Performance¶
Current profile¶
Measured on an RTX A500 (4 GiB, sm_86) with a real Ouster frame
(ouster.npy, 68,712 points, 81×158 grid at 0.1 m/cell). Defaults throughout
(ROR outlier, full traversability stack, all layers downloaded).
| Stage | ms (median) | % of frame |
|---|---|---|
| upload | 0.22 | 3.9% |
| outlier (ROR) | 2.90 | 52.2% |
| heightmap build | 0.14 | 2.5% |
| inpaint | 1.27 | 22.8% |
| smooth | 0.11 | 2.0% |
| analyzer | 0.09 | 1.7% |
| inflate | 0.11 | 2.0% |
| temporal gate | 0.08 | 1.4% |
| support mask | 0.05 | 0.9% |
| download | 0.58 | 10.4% |
| total | 5.55 | 100% |
≈ 180 FPS on laptop-grade hardware.
Reproduce with python profile_pipeline.py --path ouster.npy. Each stage is
bracketed by wp.synchronize() so the per-stage GPU work is attributed
correctly.
How to measure¶
# default (ROR outlier)
python profile_pipeline.py --path ouster.npy
# use SOR instead for comparison
python profile_pipeline.py --path ouster.npy --sor
# skip outlier filtering
python profile_pipeline.py --path ouster.npy --no-outlier
# tune iteration count / warmup
python profile_pipeline.py --path ouster.npy --frames 200 --warmup 20
The profiler reports the median of N frames after the warmup runs.
Selective download¶
Restricting layers= lowers the download and the total:
layers selector |
total (ms) |
|---|---|
None (all 9 layers) |
5.34 |
("traversability", "elevation") |
4.88 |
("traversability",) |
4.82 |
The compute is identical; only D2H copies change. Useful if you're publishing only the final cost map to a consumer.
What dominates¶
After the current round of optimizations:
- Outlier (52%) — hashgrid build + fused k-NN kernel. ROR's early-exit already caps the per-point work; remaining cost is the grid build and the single kernel launch itself. Nothing obvious left without changing algorithms (voxel downsample first, range-image filter, …).
- Inpaint (23%) — dense Jacobi over a 5-level pyramid, ~800 kernel invocations per frame. Mostly wasted work on cells that aren't holes. Sparse iteration or a push-pull pyramid would replace this; not yet implemented.
- Download (10%) — constant with selective download off. See above.
Everything else is < 5% and roughly at its per-launch floor — fusing these small kernels would shave < 0.1 ms total.
Optimization history (what's been done)¶
- SOR → ROR for the default outlier path (#6×)
Early-exit at
min_neighbors— 16.5 ms → 2.9 ms on this dataset. - Fused atomic reduction in SOR's mean-distance kernel One kernel launch fewer; ~0.5 ms saved on the SOR path.
- Lazy hashgrid + optional
boundsSkipped the per-framepoints.numpy()readback that used to size the grid. Optionalbounds=...skips even the first-call readback entirely. - Selective download
TerrainMapfields are now all optional; only selected ones are copied to CPU. - Signed step-height No speed impact, but quality improvement: drops and bumps are now scored independently with their own saturation thresholds.
Potential future wins¶
In rough order of ROI:
- Sparse inpaint — iterate only hole cells, or switch to a push-pull (normalized-convolution) pyramid. Expected 0.5–1 ms on typical lidar data.
- Skip the
isfinitereadback in_fixed_mask_from— currently downloads the heightmap, builds the mask in numpy, uploads it back. Should be a single kernel pass on-device. - Return
wp.arrayoptionally — skip the entire download (0.58 ms) if the consumer can accept GPU pointers directly. - Overlap upload / compute / download with streams — halves steady-state latency when streaming.

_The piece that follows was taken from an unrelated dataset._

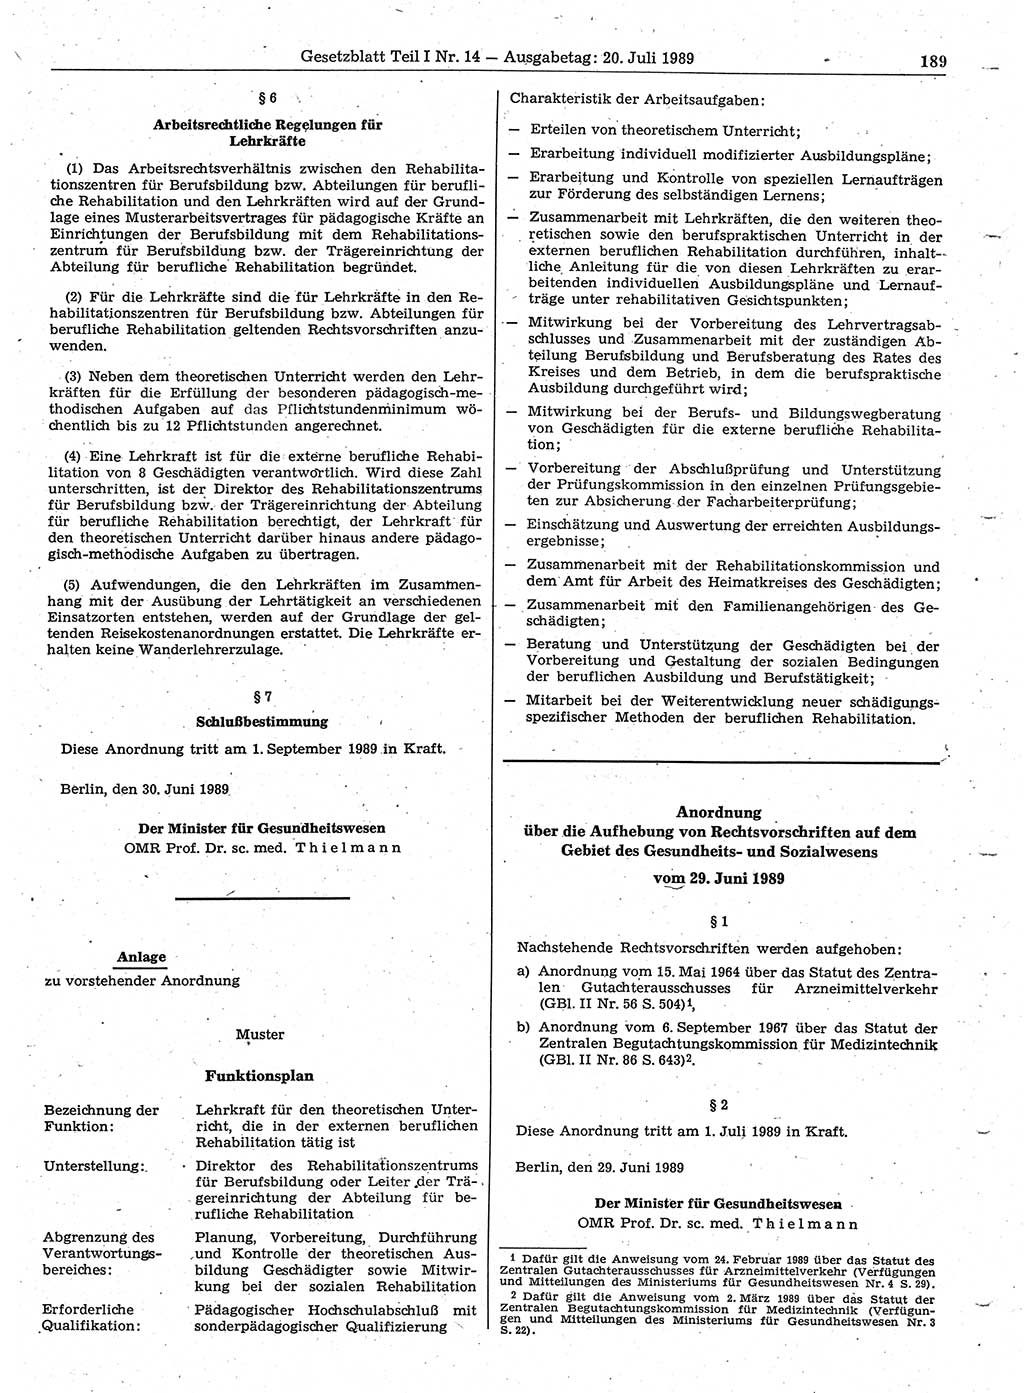 Gesetzblatt (GBl.) der Deutschen Demokratischen Republik (DDR) Teil Ⅰ 1989, Seite 189 (GBl. DDR Ⅰ 1989, S. 189)

- Kernel fusion across analyzer stages — slope + step + roughness all read overlapping 3×3 to 5×5 elevation windows; fusing saves launches and redundant loads. Marginal (~0.1 ms) at the current grid size.
Hardware scaling¶
The profile above is the worst-case — an RTX A500 is a 2048-core laptop GPU at ~3 TFLOPS. On a desktop 30/40-series card expect every stage to shrink roughly proportionally to memory bandwidth / SM count. Kernel launch overhead dominates at small grid sizes so the relative stage percentages may shift.